According to GlobalData, the latest event to affect Miglustat’s likelihood of approval (LoA) and phase transition for Gaucher Disease Type III took place on 04 Feb 2021, which increased the likelihood that the drug progresses to the next phase in its clinical pathway and increased the likelihood of final approval for this indication.

GlobalData uses proprietary data and analytics to provide a complete picture of this assessment in their Miglustat Likelihood of Approval (LoA) and Phase Transition Success Rate (PTSR) Report.

Miglustat overview

Miglustat (Zavesca) is a glucosylceramide synthase inhibitor class of drug. It is formulated as hard gelatin capsule for oral route of administration. It is indicated for the treatment of mild to moderate type 1 Gaucher disease in patients who cannot be treated with enzyme replacement therapy. It is also approved to slow the progression of neurological manifestations in adult and pediatric patients with Niemann-Pick Type C disease.

Miglustat is under development for the treatment of Gaucher's disease type III. It was under development for the treatment of Niemann-Pick type C (NP-C) disease, acute infantile onset GM2 gangliosidosis, Fabry disease and cystic fibrosis.

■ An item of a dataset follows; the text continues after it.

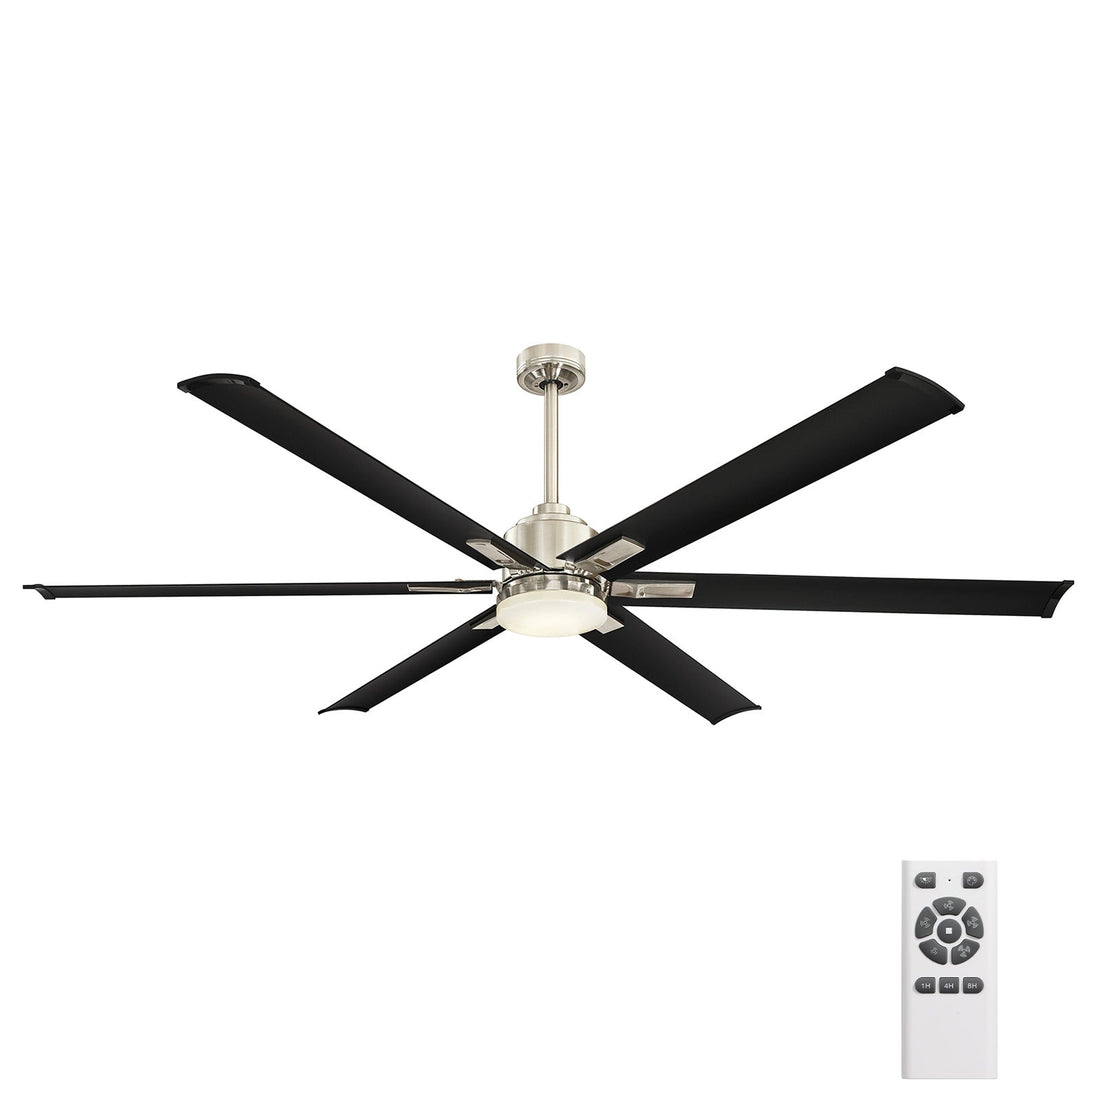 Rhino 2.1m DC Ceiling Fan with LED Light and Remote Mercator

Johnson & Johnson overview

Johnson & Johnson (J&J) researches, develops, manufactures, and sells pharmaceutical products, medical devices, and consumer products. The company provides pharmaceuticals for immune diseases, cancer, neurological disorders, infectious, cardiovascular and metabolic diseases; consumer products in oral care, baby care, beauty, over-the-counter (OTC) medicines, women’s health and wound care categories; and medical devices for use in the cardiovascular, orthopaedic, general surgery and vision care fields. J&J distributes pharmaceutical and medical products to retailers, wholesalers, health care professionals and hospitals; and offers consumer products through retail outlets and distributors. The company offers its products in the US; Europe; Asia-Pacific and Africa; and Western Hemisphere (excluding the US). J&J is headquartered in New Brunswick, New Jersey, the US.

Quick View Miglustat LOA Data

Report Segments
  • Innovator (NME)
Drug Name
  • Miglustat
Administration Pathway
  • Oral
Therapeutic Areas
  • Genetic Disorders
  • Respiratory
Key Developers
Highest Development Stage
  • Marketed

GlobalData, the leading provider of industry intelligence, provided the underlying data, research, and analysis used to produce this article.

GlobalData’s Likelihood of Approval analytics tool dynamically assesses and predicts how likely a drug will move to the next stage in its clinical pathway (PTSR), as well as how likely the drug will be approved (LoA). This is based on a proprietary algorithm built from the drugs’ sales forecast, regulatory milestones, cost forecasts, WACC rate and other proprietary data sources found on GlobalData’s Pharmaceutical Intelligence Center.